The genuine migration target is the UI-prompt bucket: ~61 sites. Per
=elisp-testing.md='s Interactive-vs-Internal rule, the fix is to extract a pure
internal that takes the value as an argument and test that directly, leaving the
interactive wrapper a thin un-tested (or smoke-tested) shell. That removes the
prompt mock entirely — immune to all three failure modes — and improves the
production code's testability as a side effect.

Boundary mocks (shell, file I/O, time, =executable-find=, =call-process=) stay
mocked: that is correct unit-test practice, and the variadic form already
handles native-comp. =message= is output-silencing, not logic — keep it.

* Proposed approach

Not a single sweep. The migration touches production code (each extraction is a
small design change), so it is incremental and reviewable, not mechanical.

1. *Scoped exemplar pass first.* Pick one module with a few prompt-mocks, do the
   extract-internal conversion there, set the pattern, and measure the per-case
   effort. This calibrates the rest.
2. *Batch by module afterward.* Convert remaining UI-prompt sites a module at a
   time, each its own commit, with the suite green between.
3. *Leave boundaries alone.* No conversion of shell / file / time / process
   mocks. The meta-test keeps them arity-safe.
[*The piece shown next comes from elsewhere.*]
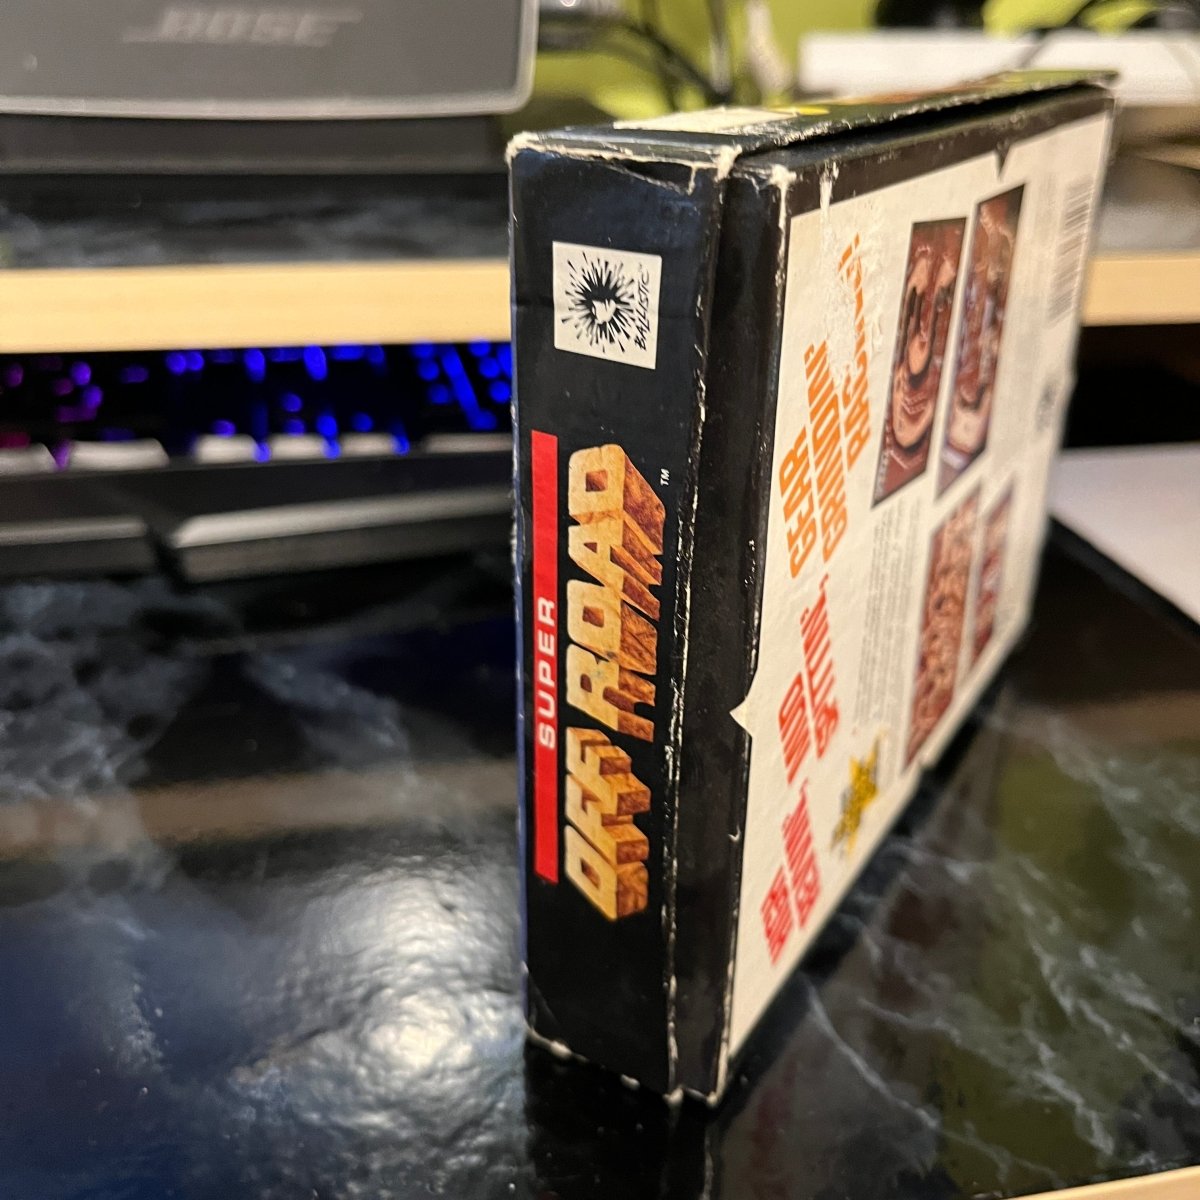 Buy Super Off Road (Box) Sega mega drive game -@ 8BitBeyond

* Open decisions (resolve in discussion)

** TODO Confirm the scope: UI-prompt mocks only, boundaries stay
Is the migration scoped to the ~61 UI-prompt sites (completing-read, read-string,
yes-or-no-p, read-from-minibuffer), with all boundary mocks explicitly out of
scope? Or is there an appetite to also convert the file-I/O mocks
(=save-buffer=, =write-region=) to real temp-file fixtures where it reads
cleaner?

** TODO Reframe the todo.org task title to match the real scope
The current title — "Migrate tests off mocking primitives" — reads as all 300+
sites. If we agree on UI-prompt-only, retitle to something like "Extract pure
internals for UI-prompt-mocked tests" so a future session does not re-scope it
as a wholesale sweep.

** TODO Pick the exemplar module for the first pass
Which module gets the calibrating conversion? A small one with 2-4 prompt-mocks
is ideal. Candidate selection needs a per-module breakdown of the ~61 sites
(not yet collected).

** TODO Decide priority and timing
Currently =[#C]=, =:solo:=. The suite is not broken (stopgap holds), so this is
test-quality debt, not urgent. Confirm it stays low and gets done in batches
between other work, rather than as a dedicated push.

* Non-goals

- Re-deriving or re-documenting the native-comp trampoline mechanism (see the
  companion doc).
- Converting boundary mocks (shell, file I/O, time, process, executable-find).
- Removing the variadic-mock convention or the meta-test gate — both stay; they
  are the standing protection for every mock that legitimately remains.